Уж лучше бы я осталась в лабиринте.
Здесь я родилась. Лучшего места, чтобы завершить жизненный цикл, и не придумать.
Пора умирать, Антония Стокке-Линдфорс. Один черт у тебя в этом мире никого не осталось. Ничего у тебя не сложилось, не вышло из тебя ничего хорошего. Никого, ничего… сплошные отрицания бытия.
Стаскиваю с лица защитную маску и делаю глубокий вдох, заполняя легкие отравленным воздухом планеты. Как утопающий, отчаявшийся одолеть глубину; впускает в себя воду, которой нельзя дышать.
Где-то там внутри меня должен теплиться инстинкт самосохранения. Ну, и?..
Сражаться за жизнь меня тоже не научили.
Темнота. Наконец-то.
День визитов. Ансельм
Я жива, потому что умерла.
Воздух родной планеты убил меня мгновенно, и это меня спасло. Я перестала дышать, наступила аноксия со всеми прелестями этого состояния. Если я правильно поняла, аноксия — это полное отключение кислородного шланга в организме. Вообще-то, в число упомянутых прелестей обычно включается облысение коры головного мозга, но этого не произошло. А если и произошло, то не настолько, чтобы я превратилась в тыкву. Мой лечащий доктор с удивительным именем Андрей-Ильич и чудовищной фамилией Преображенский дважды объяснил мне, что произошло: вначале бегло, в расчете на понимание, затем с расстановкой и разъяснением темных слов вроде «блокада гликолиза» или «кислородный долг»… На третий раз доктор махнул рукой и сказал: «Забудь обо всей этой чертовне, дочка. Живая, и ладно». У него седая борода, розовые щеки и уютная лысинка в венчике пушистых кудряшек. Даже не знаю, на кого он сильнее похож — на христианского бога из комиксов или на доктора Дулиттла, который лечит зверушек. Таких, как я… У него есть все права называть меня «дочкой», потому что первые дни он не отходил от моего ложа.
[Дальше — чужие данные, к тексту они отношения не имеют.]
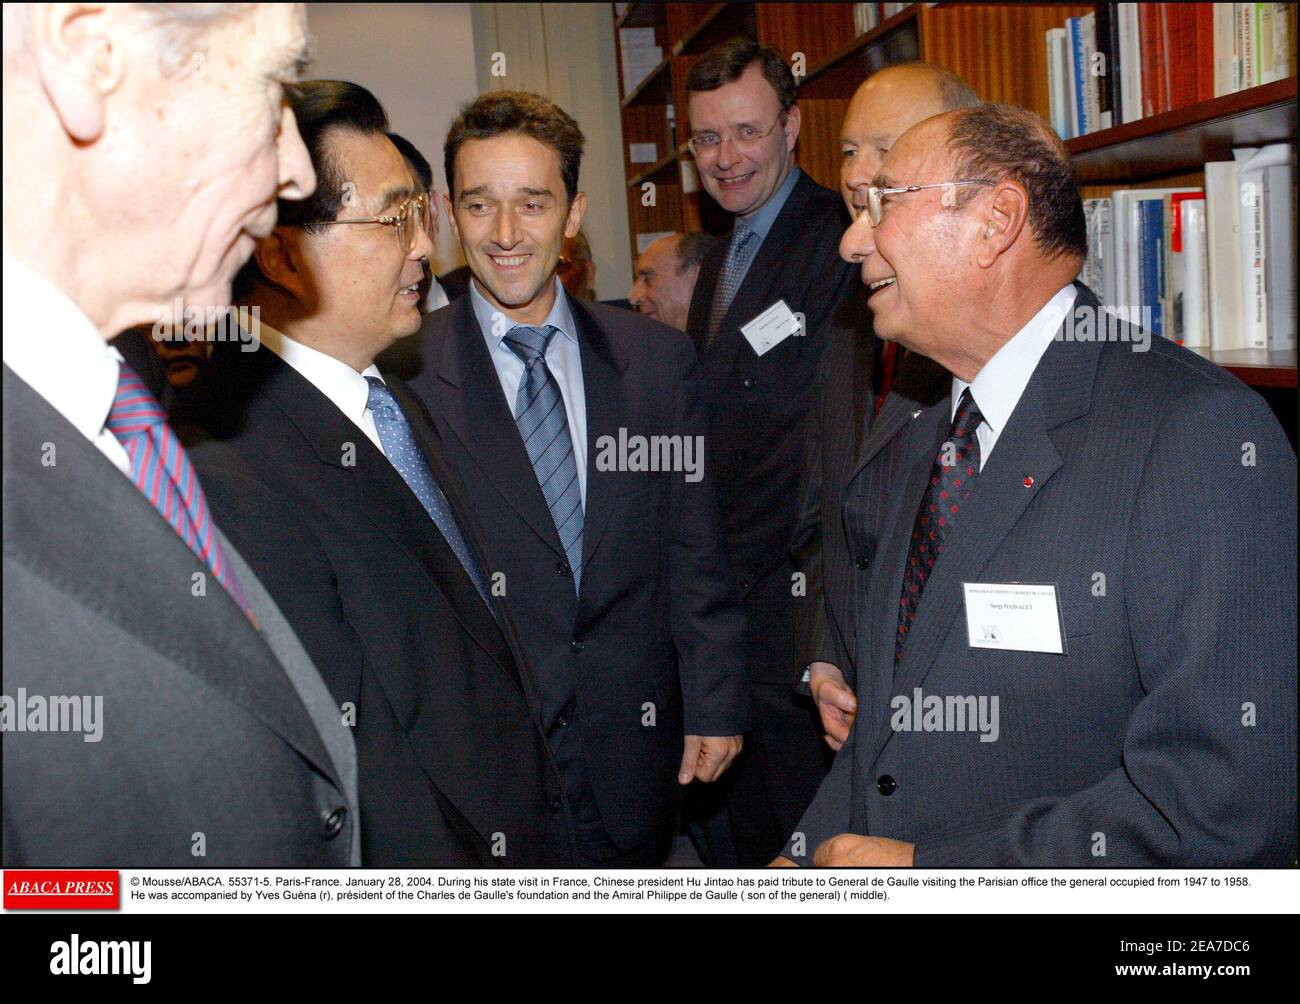 © Mousse/ABACA. 55371-5. Paris-France. January 28, 2004. During his state visit in France, Chinese president Hu Jintao has paid tribute to General de Gaulle visiting the Parisian office the general occupied from 1947 to 1958. He was accompanied by Yves Guna, prsident of the Charles de Gaulle's foundation and the Amiral Philippe de Gaulle, son of General de Gaulle. Stock Photo

Теперь, когда он уходит надолго — ведь я не единственная зверушка в его зоопарке! — я чувствую себя покинутой, и мне хочется плакать.
Ну да, я научилась хотеть плакать, поводов для этого предостаточно, дело за малым — за слезами.
Я лежу в просторной, залитой солнцем палате клиники для «ревенантов». Так здесь с изрядной долей незлой иронии называют пациентов, переживших клиническую или, как в моем случае, биологическую смерть. Официальное название заведения, разумеется, иное. Клиника находится где-то в средней полосе России, и мне интересно, что это такое — средняя полоса России, где я никогда за свои двадцать семь лет не бывала. Мне разрешено вставать и бродить по палате, не возбраняется выходить на террасу и всматриваться с высоты в подернутые первой весенней зеленью кроны высоченных деревьев, но лучше всего я чувствую себя, когда валяюсь, натянув под горло тонкое розовое покрывало с узором в виде веселых белых зайцев, и пялюсь в потолок. На потолке все время что-то происходит, какие-то размытые узоры наползают один на другой, поневоле вынуждая следить за ними и угадывать в их чередованиях какой-то смысл или находить несуществующие очертания знакомых предметов. Очень скоро я засыпаю, и это хотя бы на время избавляет меня от невыносимой боли внутри.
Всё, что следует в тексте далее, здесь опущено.